[Dataset excerpt — start]

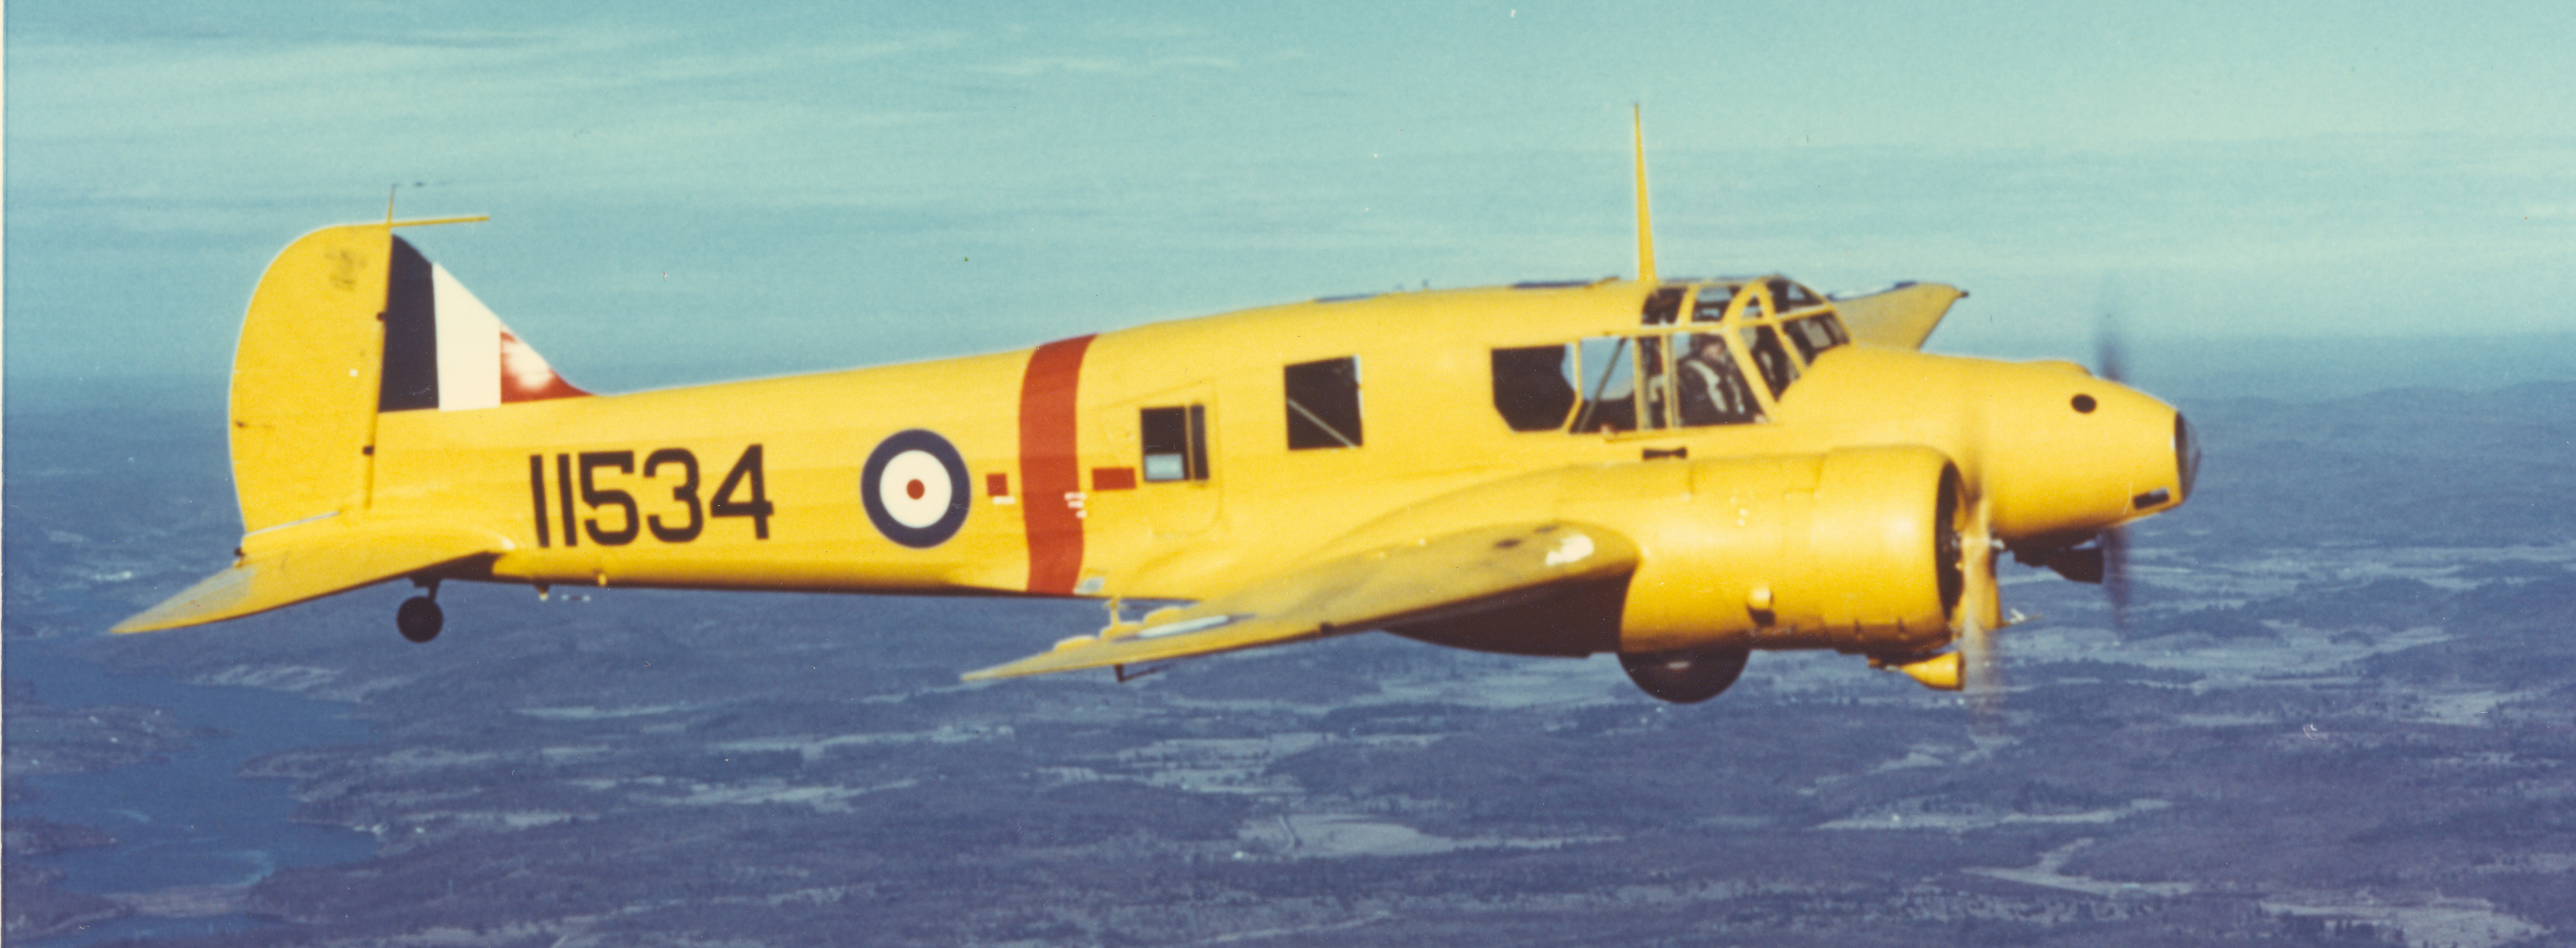 Un des premiers modèles d’Anson utilisé par l’Aviation royale canadienne dans le cadre du Programme d’entraînement aérien du Commonwealth britannique (PEACB). La plupart des avions affectés au PEACB portaient la couleur jaune, réservée aux avions-écoles. PHOTO : Fournie par T.F.J. Leversedge
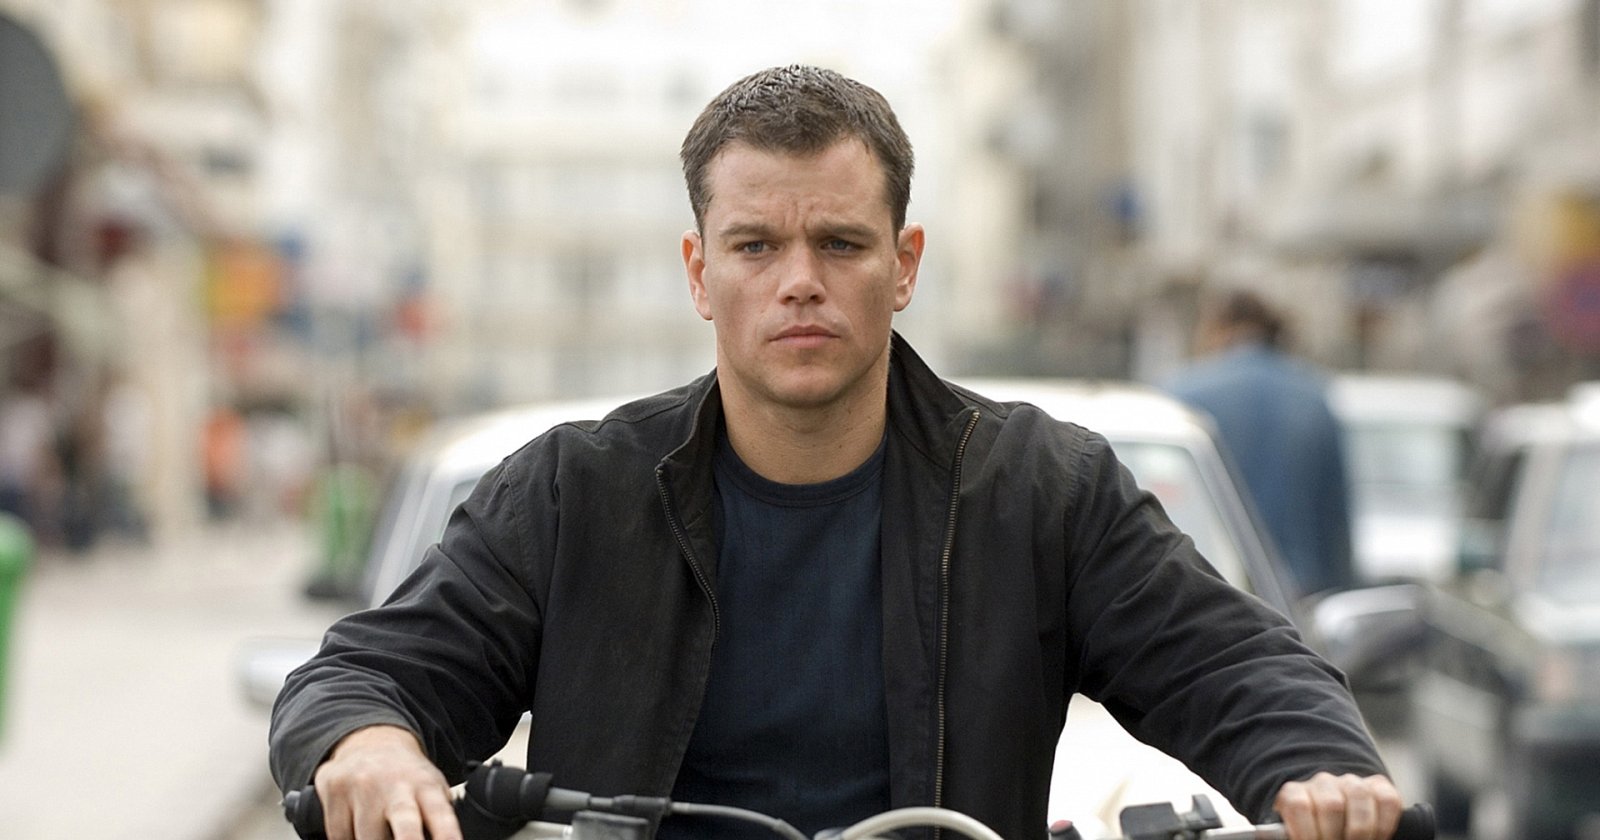 ‘Jason Bourne’ ภาคใหม่ กำลังได้รับการพัฒนาโดยผู้กำกับ ‘All Quiet of the Western Front’
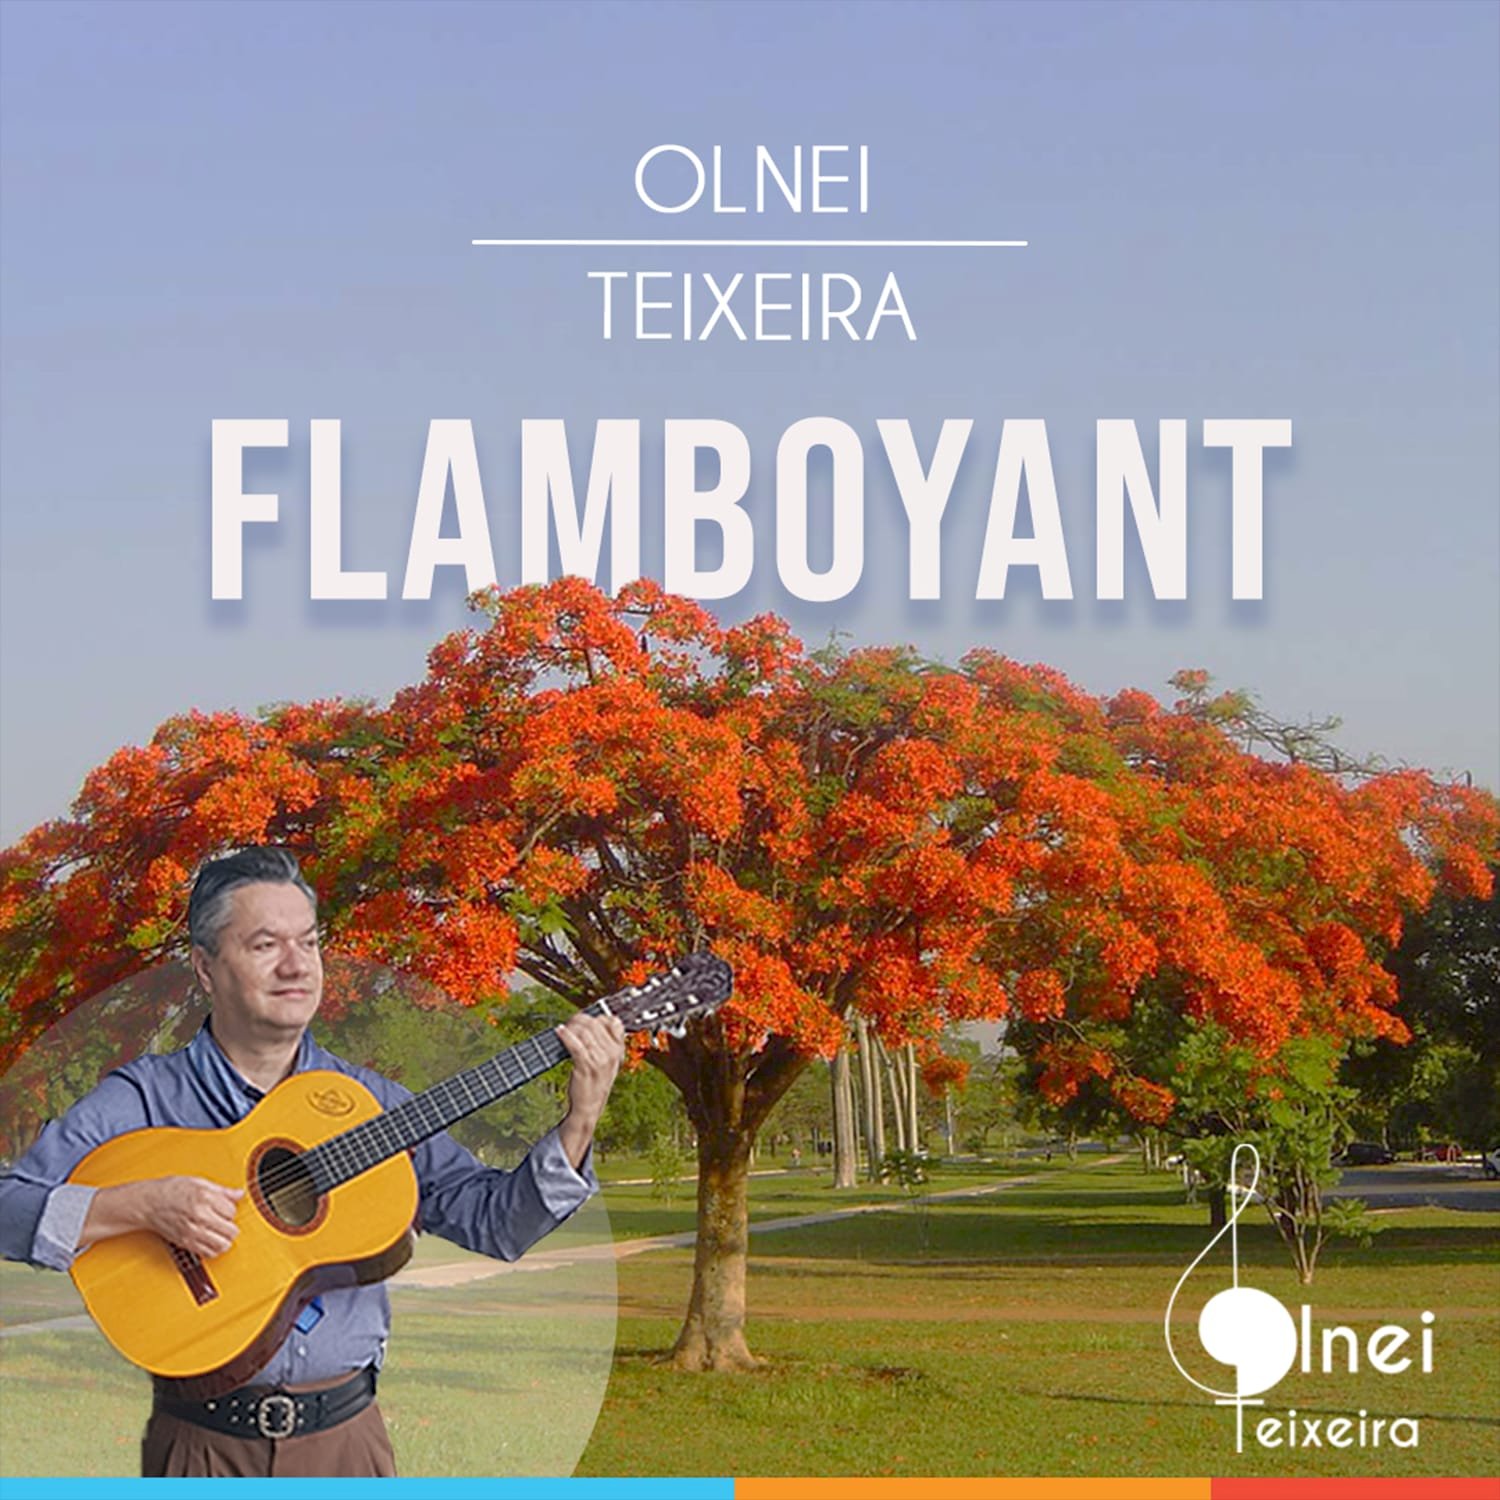 Gaúcho Olnei Teixeira homenageia a árvore Flamboyant em seu novo single

[Dataset excerpt — finish]

Problem statement » Write out again every line above exactly as given; the pictures do not belong in the copy.

Written solution »
 Un des premiers modèles d’Anson utilisé par l’Aviation royale canadienne dans le cadre du Programme d’entraînement aérien du Commonwealth britannique (PEACB). La plupart des avions affectés au PEACB portaient la couleur jaune, réservée aux avions-écoles. PHOTO : Fournie par T.F.J. Leversedge
 ‘Jason Bourne’ ภาคใหม่ กำลังได้รับการพัฒนาโดยผู้กำกับ ‘All Quiet of the Western Front’
 Gaúcho Olnei Teixeira homenageia a árvore Flamboyant em seu novo single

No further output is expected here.